__Your objective__:
Reproduce the material below only from the line with "GraphicRiver - Artistic" to the line with "Black Faux Leather", both included, keeping each line exact and dropping the pictures.

__Exercise inputs__:
■ ■ ■ ■

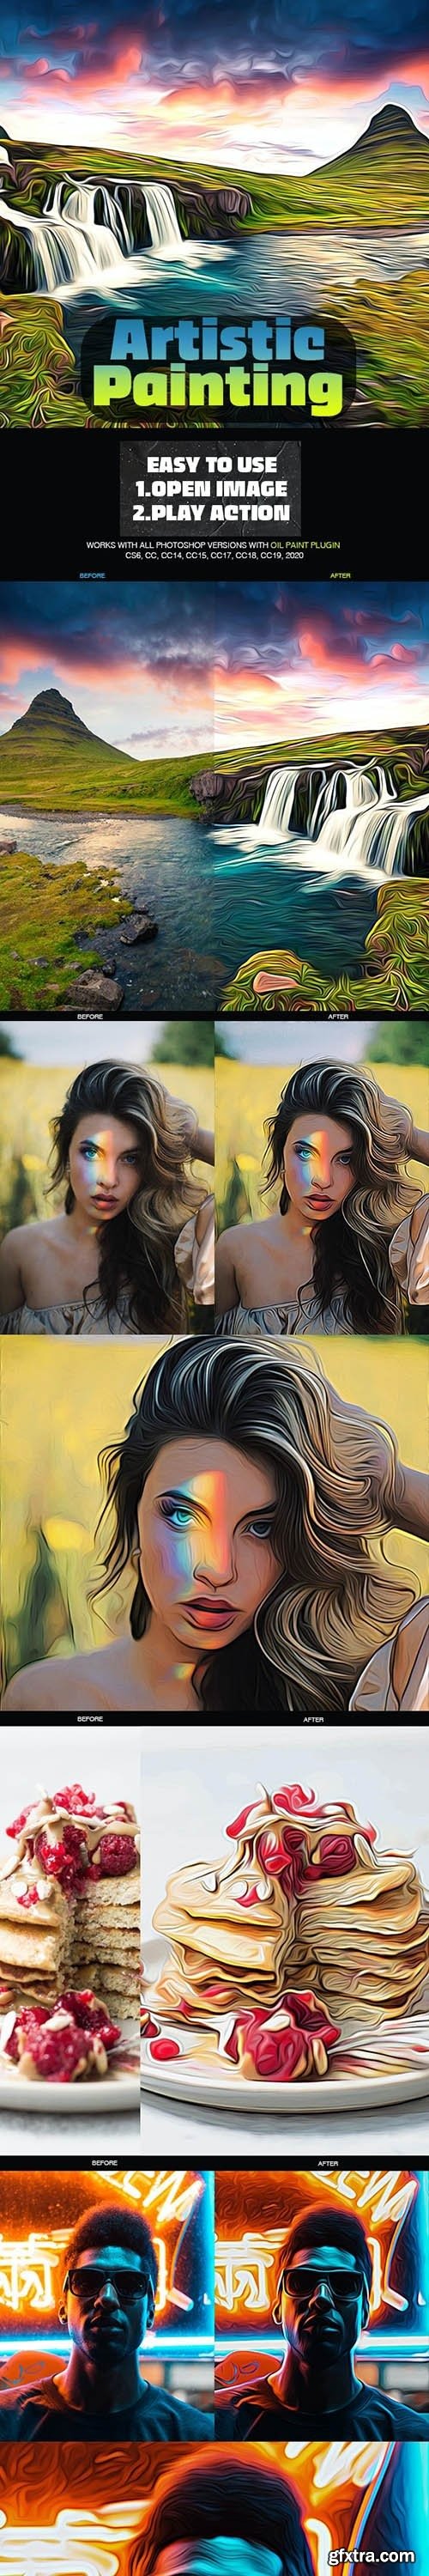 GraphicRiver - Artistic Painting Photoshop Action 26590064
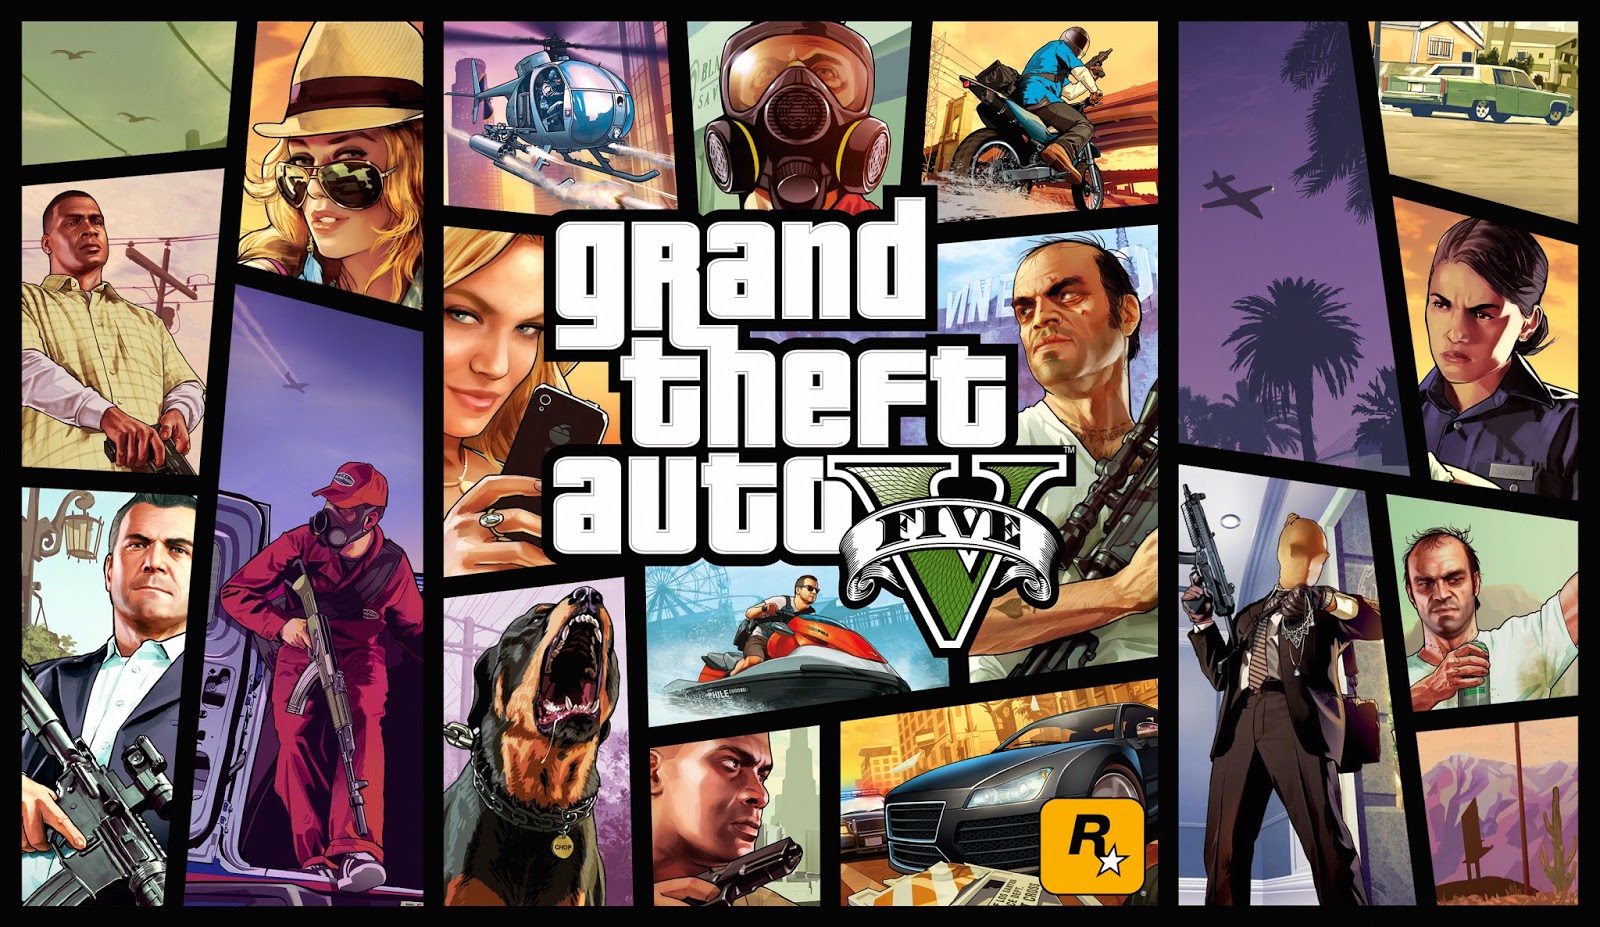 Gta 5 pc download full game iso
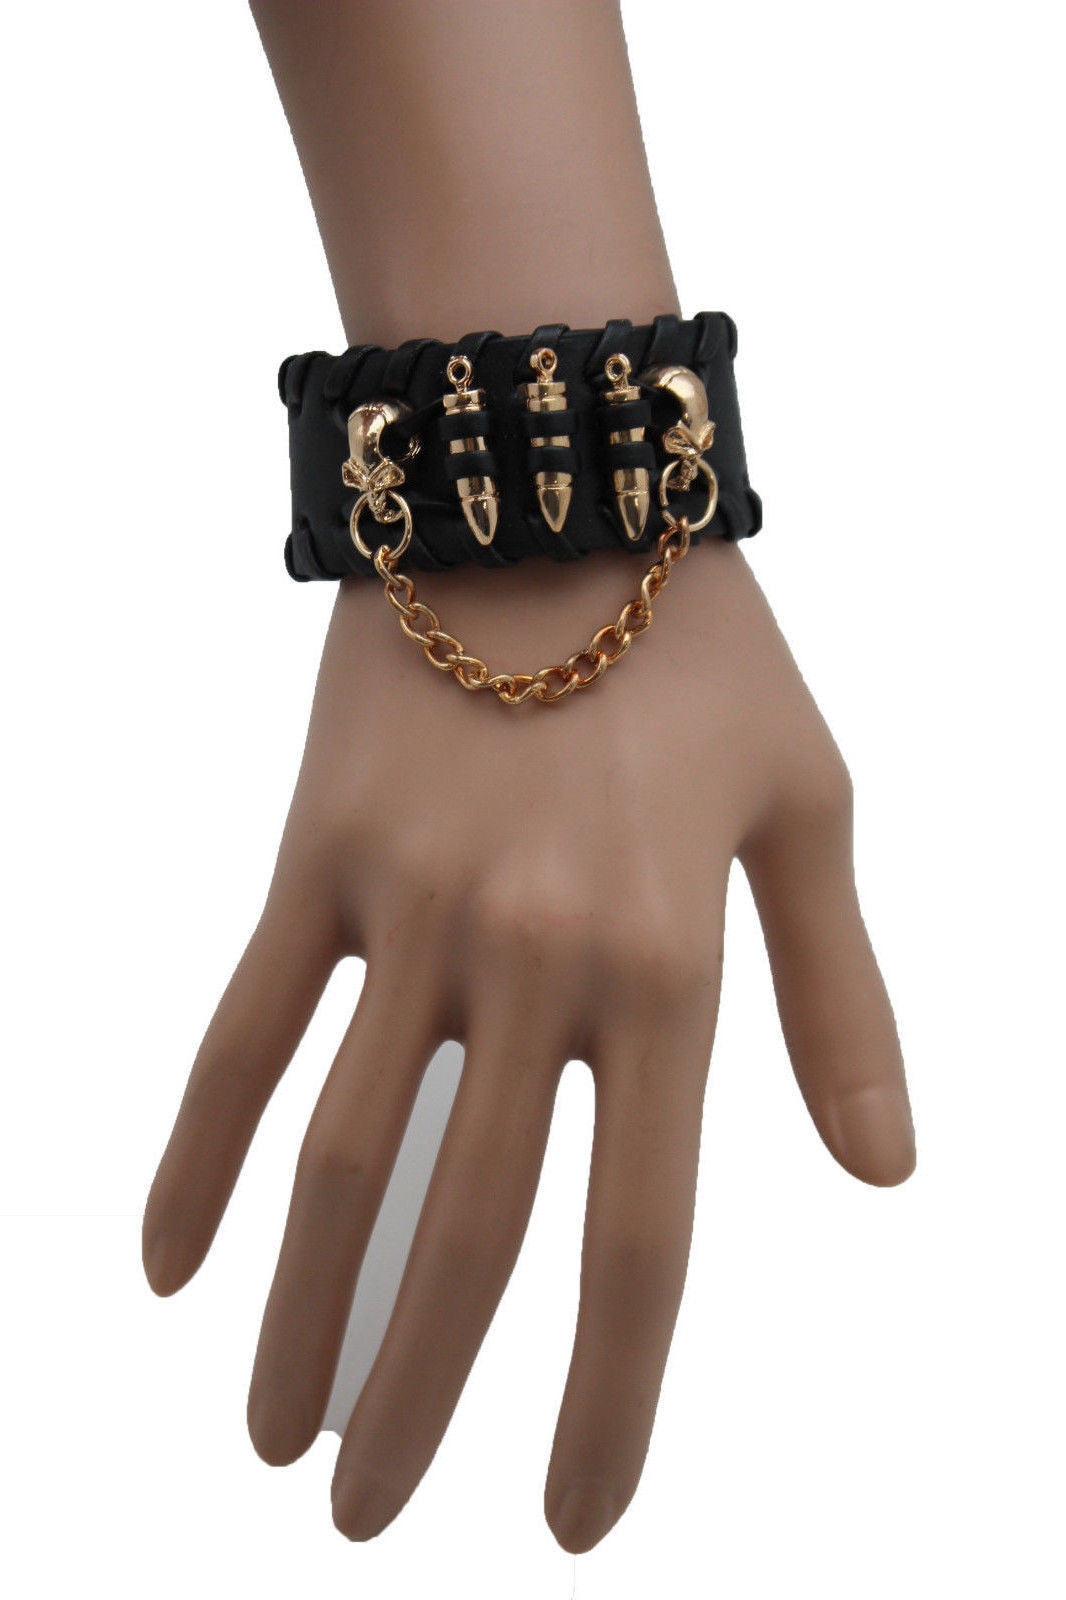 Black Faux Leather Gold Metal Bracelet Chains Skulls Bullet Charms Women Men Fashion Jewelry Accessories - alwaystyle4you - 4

■ ■ ■ ■

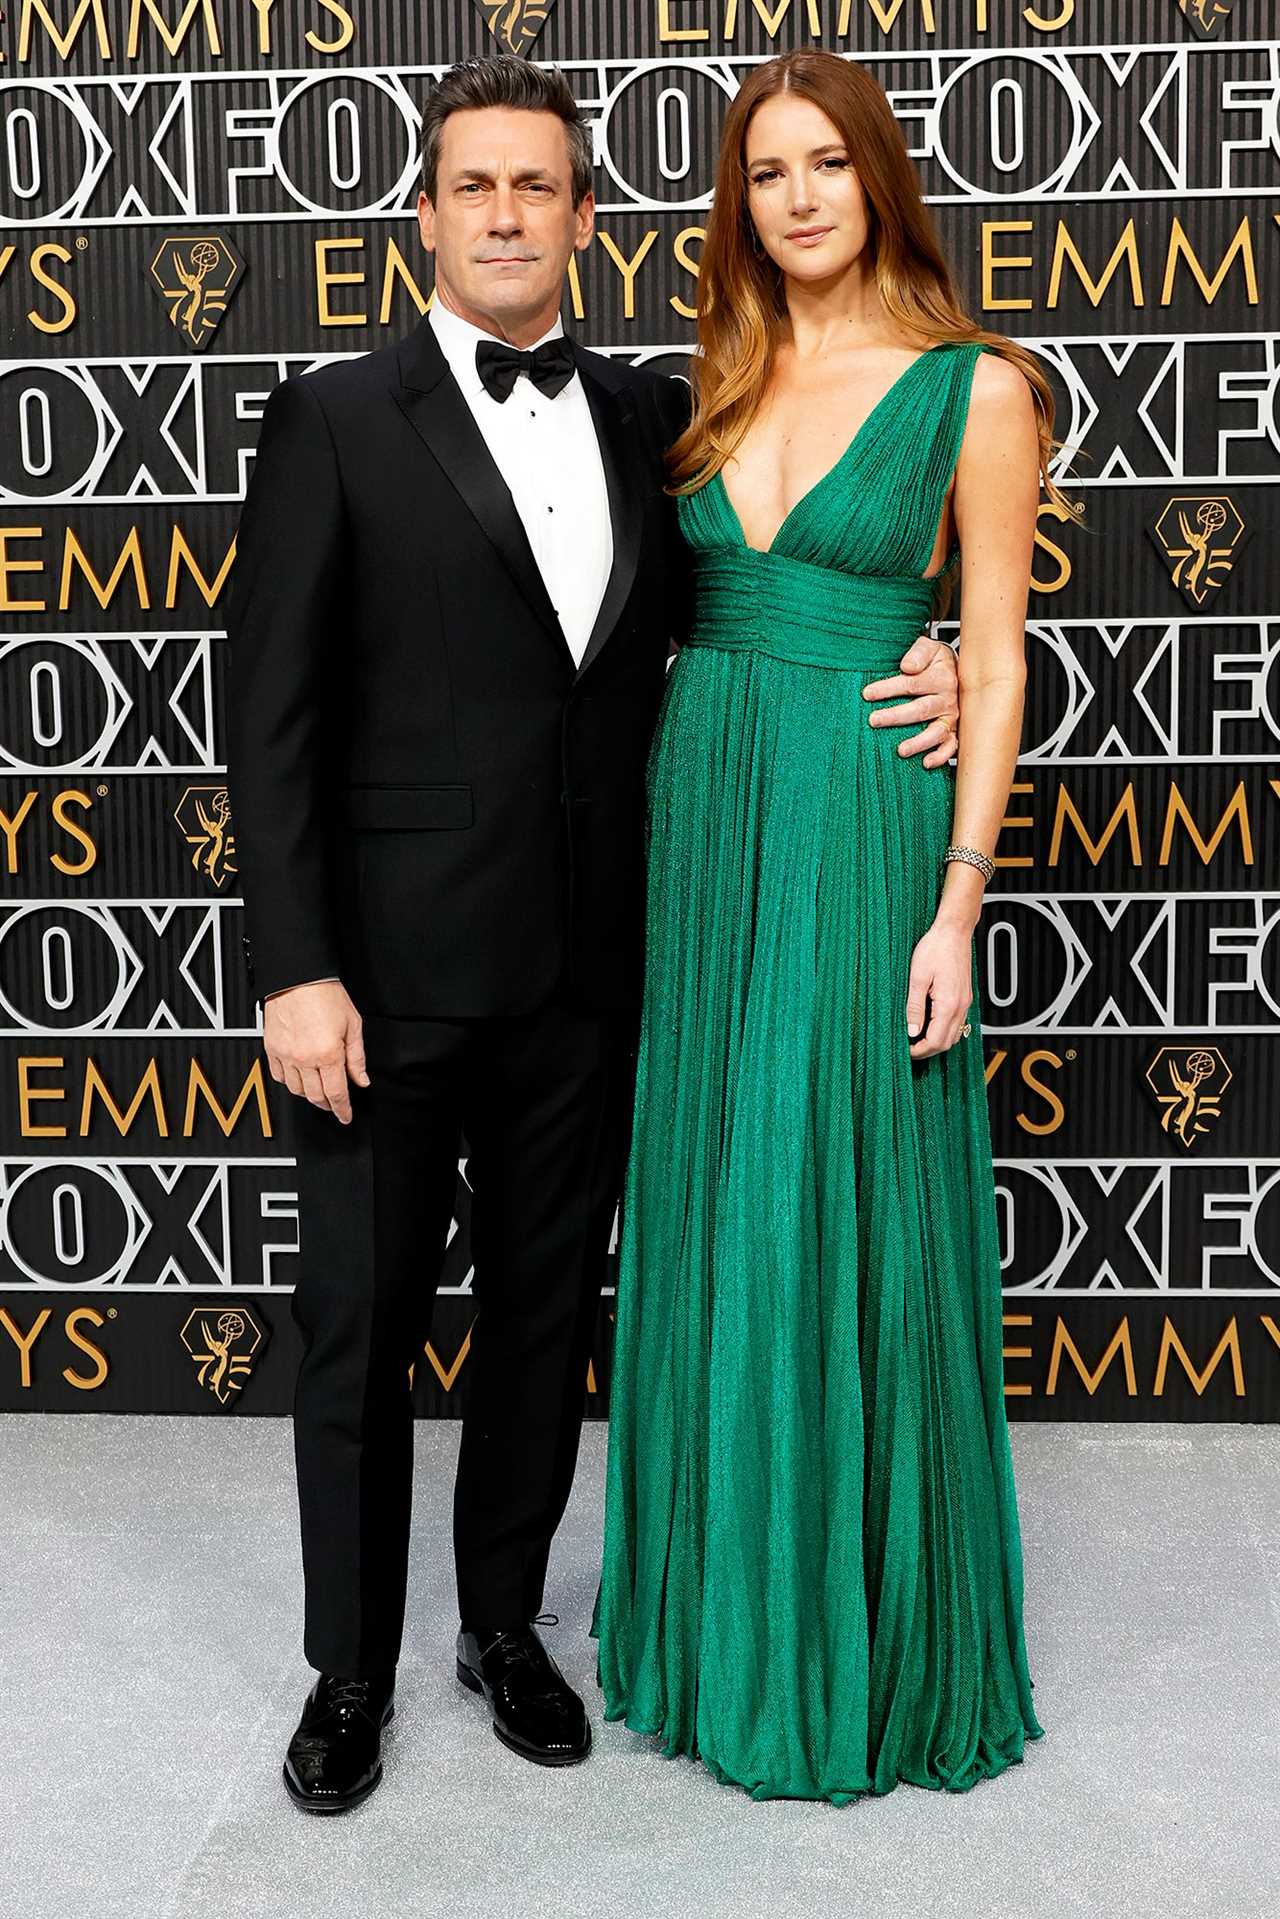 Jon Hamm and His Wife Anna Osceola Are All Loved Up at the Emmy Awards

■ ■ ■ ■

__Output for this task__:
 GraphicRiver - Artistic Painting Photoshop Action 26590064
 Gta 5 pc download full game iso
 Black Faux Leather Gold Metal Bracelet Chains Skulls Bullet Charms Women Men Fashion Jewelry Accessories - alwaystyle4you - 4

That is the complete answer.